George Junkin, D.D., LL.D. (1790-1868)
He was born November 1st, 1790, near Carlisle, Pennsylvania. After graduating
at Jefferson College,
September, 1813, he studied theology with Dr. Mason, in New York. He filled
missionary appointments for some time. October 17th, 1819, he was settled
over the Associate Reformed Church at Milton, Pennsylvania. In 1822 he
entered the Presbyterian connection, along with Dr. Mason and the great
body of the Associate Reformed. In 1830 he took charge of a manual labor
institution in Germantown. This brought him into the Presbytery of Philadelphia.
In 1831 he was chosen Moderator of the Synod of Philadelphia. In 1832 he
accepted the presidency of Lafayette College. In August, 1841 he was made
President of Miami University, Ohio. In 1844 he was elected Moderator of
the Old School General Assembly, and in the same year left Miami and resumed
the presidency of Lafayette. In October, 1848, he accepted the presidency
of Washington College, Virginia,
whither twenty-six of his students followed him, and where he remained
for twelve years. He died in Philadelphia, May 20th, 1868, aged 78 years.

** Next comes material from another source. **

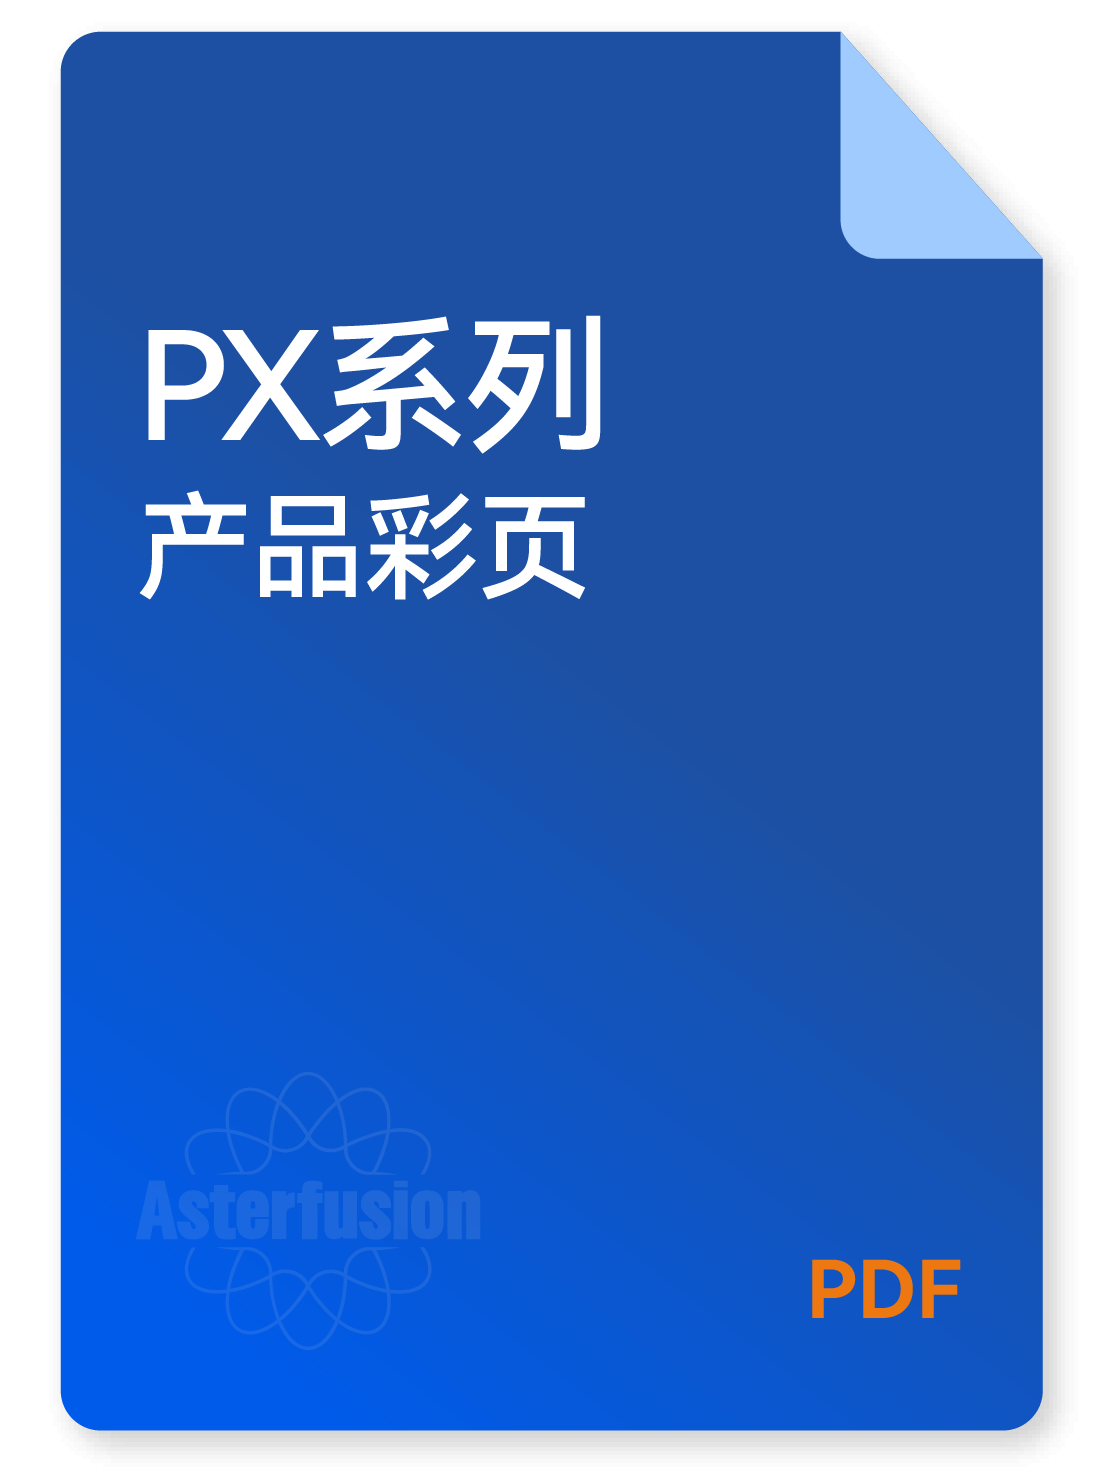 PX系列产品资料的下载图标

Dr. Junkin was an able and voluminous author. His published writings
were, "Baptism," "The Prophecies," "Justification," "Sanctification," "Sabbatismos,"
"The Tabernacle," "The Vindication," "Political Fallacies," besides Baccalaureate
Addresses, Literary Addresses, Occasional Discourses, and a manuscript
commentary on Hebrews, in seven hundred and fifty quarto pages, which was
written after his seventy-fifty year.